I've found a few schools in the UK that offer it, but they haven't heard of the school certificate and keep telling me she needs GCSEs at grade B or above.

I am trying to find a definitive site or person, who knows what the score is and so I can show that the certificate is equivalent to a number of GCSes (10 I think?)- surely the certificate she gets here is more appropriate for entry to the IB than GCSEs anyway!

But I can't find any information to give to the schools in the UK.

Has anyone come across this scenario?

Thank you!


----------



## xabiaxica

barneysmum said:


> Hi,
> 
> We live in Spain and my daughter is in year 4 of ESO. Hopefully she will finish this year with her leaving certificate.
> 
> However, we might have to go back to the UK and I want her to do the International Baccalaureate there.
> 
> I've found a few schools in the UK that offer it, but they haven't heard of the school certificate and keep telling me she needs GCSEs at grade B or above.
> 
> I am trying to find a definitive site or person, who knows what the score is and so I can show that the certificate is equivalent to a number of GCSes (10 I think?)- surely the certificate she gets here is more appropriate for entry to the IB than GCSEs anyway!
> 
> But I can't find any information to give to the schools in the UK.
> 
> Has anyone come across this scenario?
> 
> Thank you!


I looked into this recently when my dd was considering going to the UK for A levels

there is NO official body or website - the one which does deal with this sort of thing, NARIC, doesn't deal with anything below A levels iirc

however - a few friends have returned recently & the 6th form colleges have indeed accepted each subject passed (so above a nota of 5) as a GCSE equivalent, and also the schools & colleges I spoke to said that they would too (except in our case, Valenciano, since it doesn't exist in the UK)
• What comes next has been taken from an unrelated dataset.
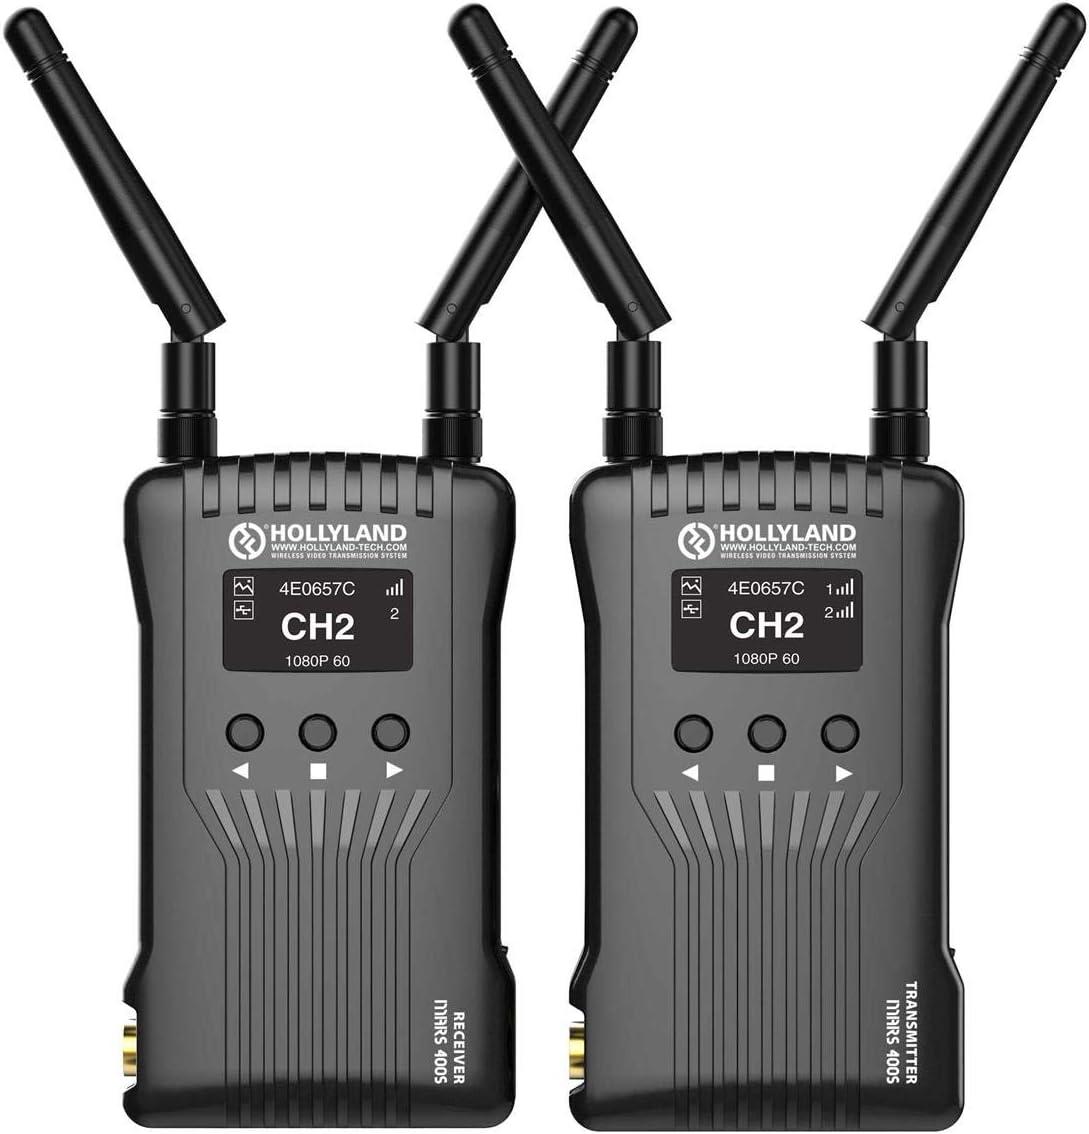 Hollyland MARS 400S SDI HDMI Video System Transmission online shopping Wireless Ranking TOP12

I suppose logically a B would be a nota of 8 ish??


----------



## jojo

There are international schools in the UK that do the bacci and are able to take foreign exams as their start point. Have a google. In our area, I believe (if memory serves) Portsmouth had an international school that did it??

Jo xxx


----------



## barneysmum

Thanks for the quick replies. The area we would be going to only has two schools that do the IB and neither of them have been able to help so far! So I have contacted other IB schools but waiting to hear.
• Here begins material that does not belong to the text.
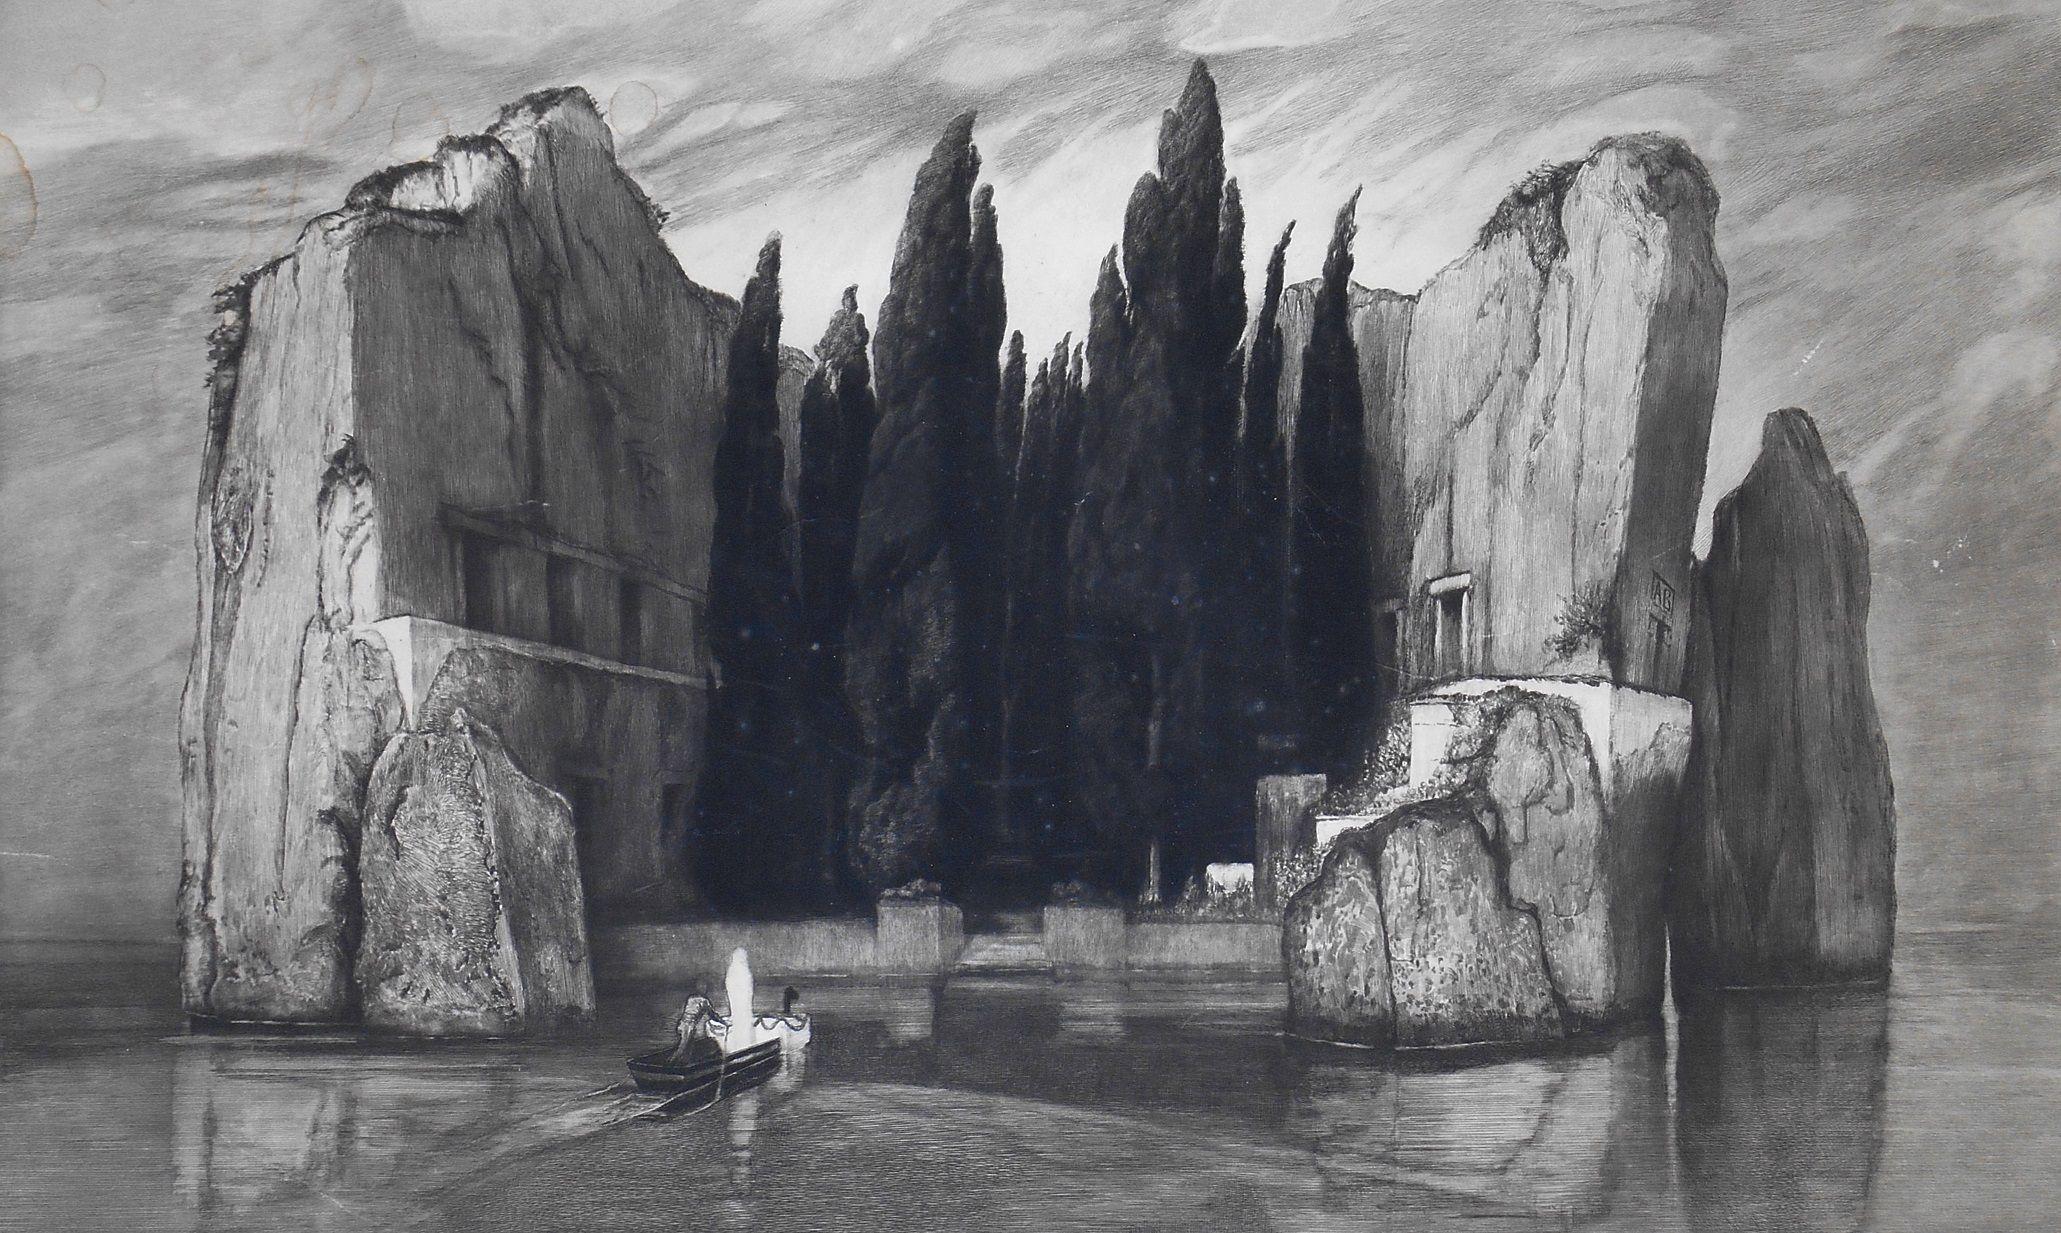 Max Klinger, Isola dei Morti - 1898 - Acquaforte, acquatinta

I would assume that if they offer an "international" course that they should accept international students with their qualifications.

Waiting game at the moment I suppose!


----------



## xabiaxica

barneysmum said:


> Thanks for the quick replies. The area we would be going to only has two schools that do the IB and neither of them have been able to help so far! So I have contacted other IB schools but waiting to hear.
> 
> I would assume that if they offer an "international" course that they should accept international students with their qualifications.
> 
> Waiting game at the moment I suppose!



there are state schools which do the Baccalaureate - I'm sure if it's _exactly _the same as the IB, but the general principal is the same


----------



## rgw

Hi, I am in the same situation as you, my son is in his last year doing his eso and we are then planning to return to the uk. Did you find a school suitable/willing to accept his eso grades. Any info would be much appreciated.


----------



## xabiaxica

rgw said:


> Hi, I am in the same situation as you, my son is in his last year doing his eso and we are then planning to return to the uk. Did you find a school suitable/willing to accept his eso grades. Any info would be much appreciated.


:welcome:

my daughter decided to stay here in the end for Bachi  - but she was offered a place at 2 different schools in the UK for 6th form & both were going to accept each subject passed at ESO as the equivalent of a GCSE

there're no 'official' guidelines - but that's what we were offered


----------



## barneysmum

rgw said:


> Hi, I am in the same situation as you, my son is in his last year doing his eso and we are then planning to return to the uk. Did you find a school suitable/willing to accept his eso grades. Any info would be much appreciated.


All the schools we spoke to accepted subjects at ESO level. Most of them didn't seem that bothered about grades. Daughter now doing her A levels.

One thing I found out after speaking to Unis as well is that they give no preference to the Baccalaureate when it comes to uni stage.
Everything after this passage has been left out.